RI News Portal. Jakarta. 14 September 2025 — Di tengah musim hujan yang semakin tak terduga, banjir yang melanda Bali baru-baru ini bukan sekadar bencana alam biasa. Menurut Menteri Lingkungan Hidup (LH) Hanif Faisol Nurofiq, peristiwa ini menjadi indikator jelas atas kerentanan sistem tata kelola lingkungan di wilayah tersebut. Dalam pernyataannya pada Minggu (14/9/2025), Hanif menyoroti bagaimana ketidakintegrasian pengelolaan sampah dari hulu hingga hilir memperburuk dampak bencana, meskipun curah hujan ekstrem mencapai 245,75 milimeter hanya dalam satu hari.

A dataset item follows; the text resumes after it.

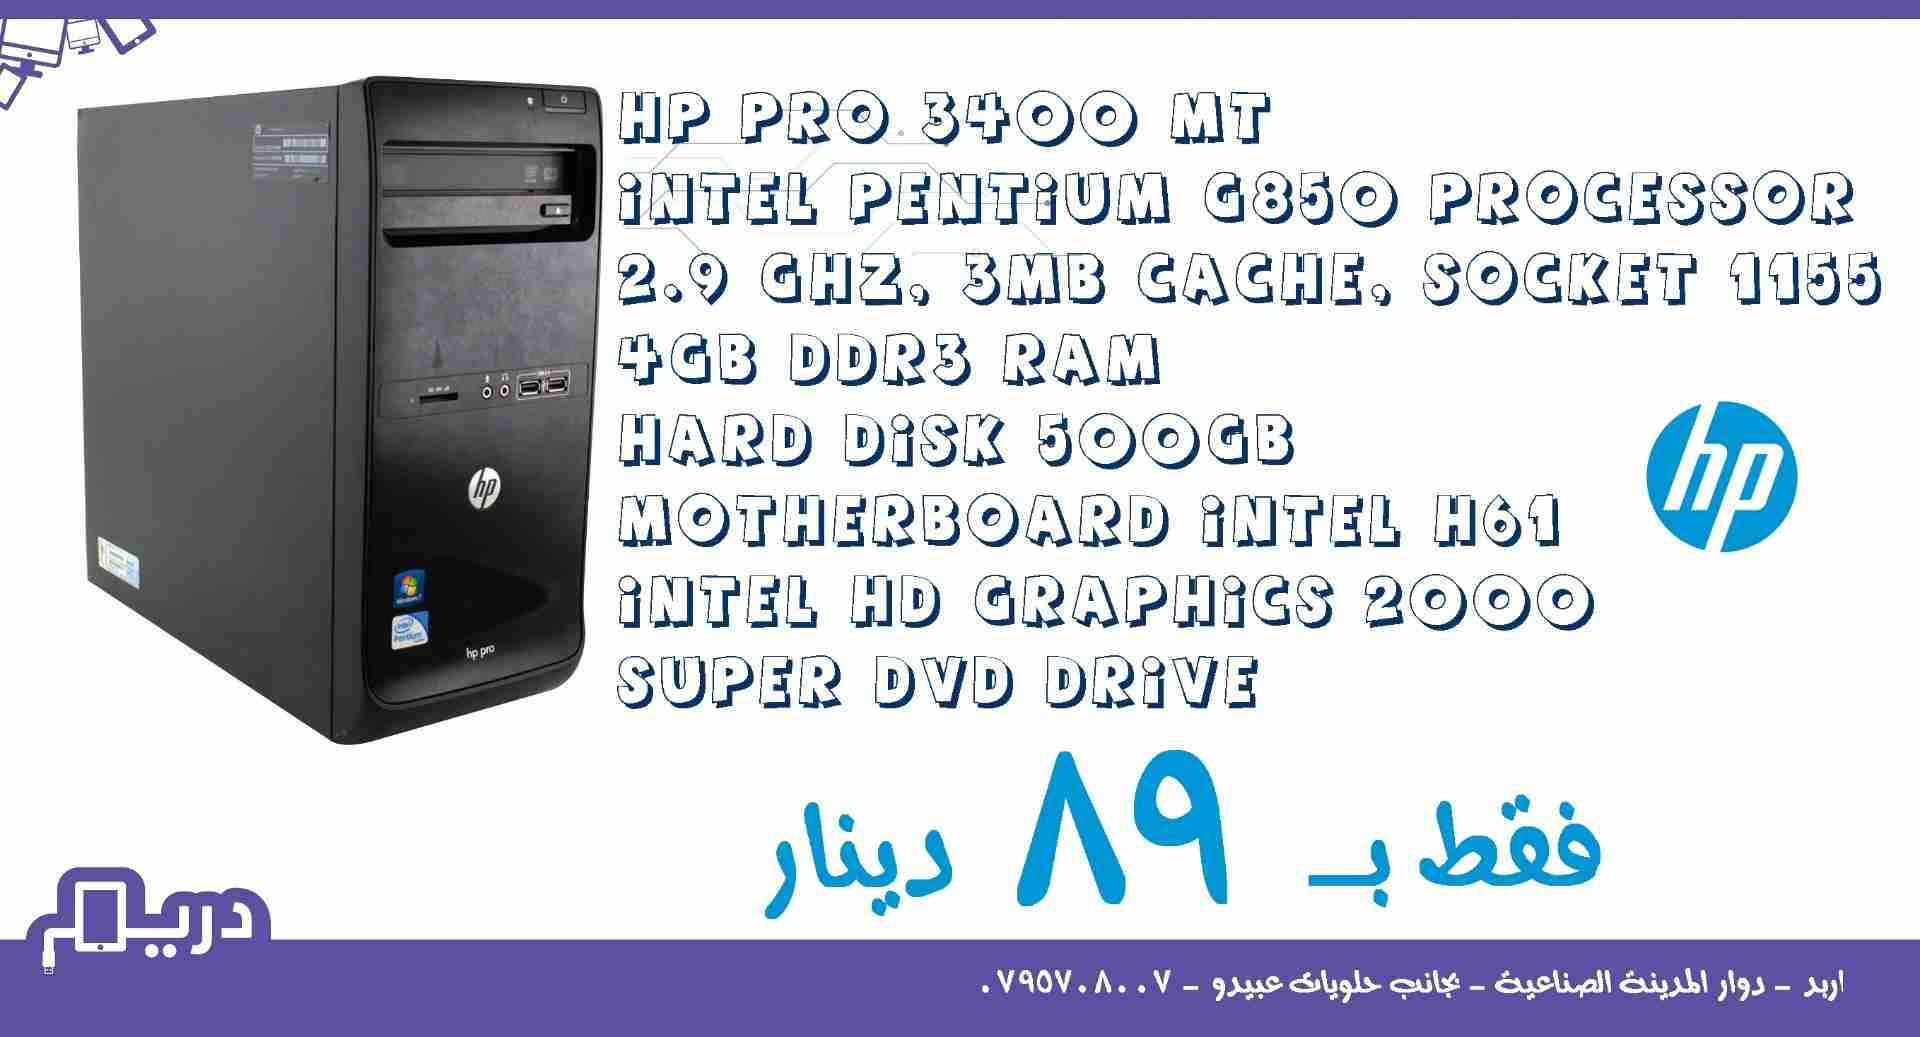 Dell - Inspiron / 16GB RAM, i7, 3.2MHz, 2in1 Laptop-  HP Pro 3400MT Socket 1155...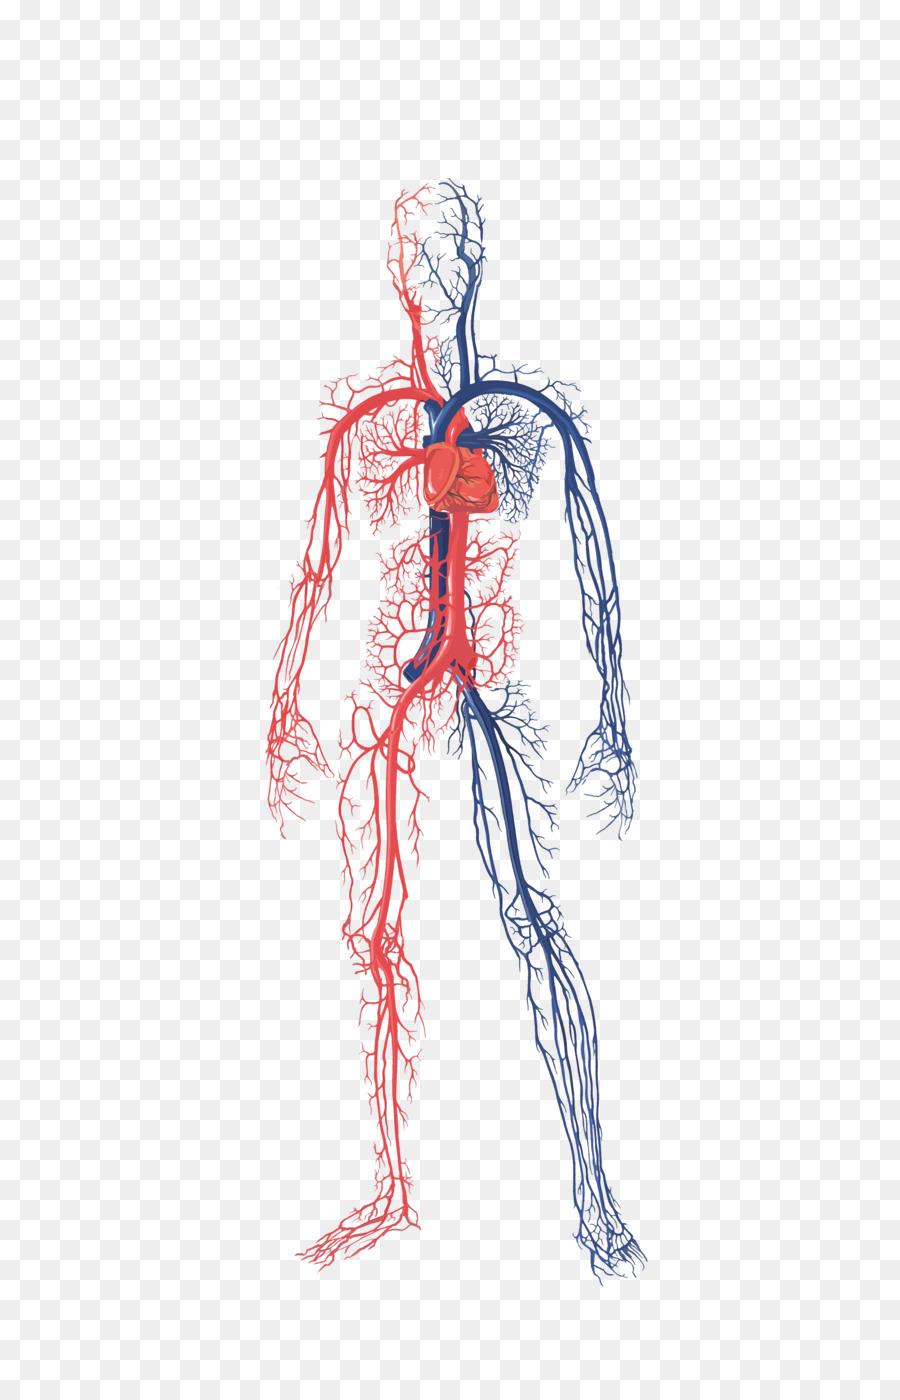 Download Circulatory System Of A Human Body Clipart Circulatory

Persoalan sampah, yang sering dianggap sepele, justru menjadi katalisator utama dalam memperbesar skala kerusakan. Hanif menjelaskan bahwa kebiasaan masyarakat membuang sampah secara sembarangan masih merajalela, menyebabkan tumpukan limbah menyumbat aliran sungai. “Akibatnya, debit air yang luar biasa besar gagal terserap, memicu banjir yang seharusnya bisa dicegah,” ujarnya. Pendekatan akademis terhadap isu ini mengingatkan kita pada konsep “ekosistem layanan” dalam ekologi, di mana gangguan pada satu elemen—seperti aliran air yang tersumbat—dapat meruntuhkan keseimbangan keseluruhan lingkungan.

Lebih lanjut, Menteri menyoroti ketidakmampuan fasilitas pengolahan sampah dalam menangani volume harian yang terus melonjak. Kurangnya pengawasan di daerah aliran sungai memperburuk situasi, dengan sampah plastik, organik, hingga material konstruksi menumpuk tanpa kendali. Dalam perspektif jurnalistik akademis, hal ini mencerminkan kegagalan dalam menerapkan prinsip “zero waste” yang telah menjadi diskursus global sejak dekade terakhir. Bali, sebagai destinasi pariwisata utama, seharusnya menjadi model, namun realitas menunjukkan sebaliknya: ketergantungan pada infrastruktur usang yang tidak mampu menyesuaikan dengan pertumbuhan populasi dan aktivitas ekonomi.
Baca juga : Palembang Percepat Perbaikan Drainase Sungai Musi untuk Cegah Banjir Musiman
Hanif menegaskan bahwa solusi harus dimulai dari akar masalah, yaitu penyelesaian sampah di sumbernya. “Ini bukan lagi isu kebersihan semata, melainkan ancaman nyata bagi daya dukung lingkungan dan keselamatan manusia,” katanya. Pernyataan ini selaras dengan kajian interdisipliner di bidang lingkungan hidup, yang memandang sampah sebagai elemen dalam rantai kerentanan sosial-ekologis. Kerugian yang ditimbulkan tidak hanya bersifat material, tapi juga mengganggu stabilitas komunitas lokal, termasuk dampak psikologis pada korban banjir.
Untuk mengatasi hal ini, pemerintah tengah merancang langkah-langkah strategis yang berfokus pada pemberdayaan masyarakat. Di antaranya adalah penguatan pengelolaan sampah berbasis komunitas, pembangunan fasilitas pengolahan modern di tingkat kabupaten/kota, serta integrasi penegakan hukum terhadap pembuangan ilegal. Hanif juga menekankan sinergi dengan sektor swasta dan kelompok masyarakat sipil untuk mengurangi timbunan sampah dari hulu. “Pendekatan ini sejalan dengan prinsip ekonomi sirkular, di mana limbah diubah menjadi sumber daya baru,” tutupnya.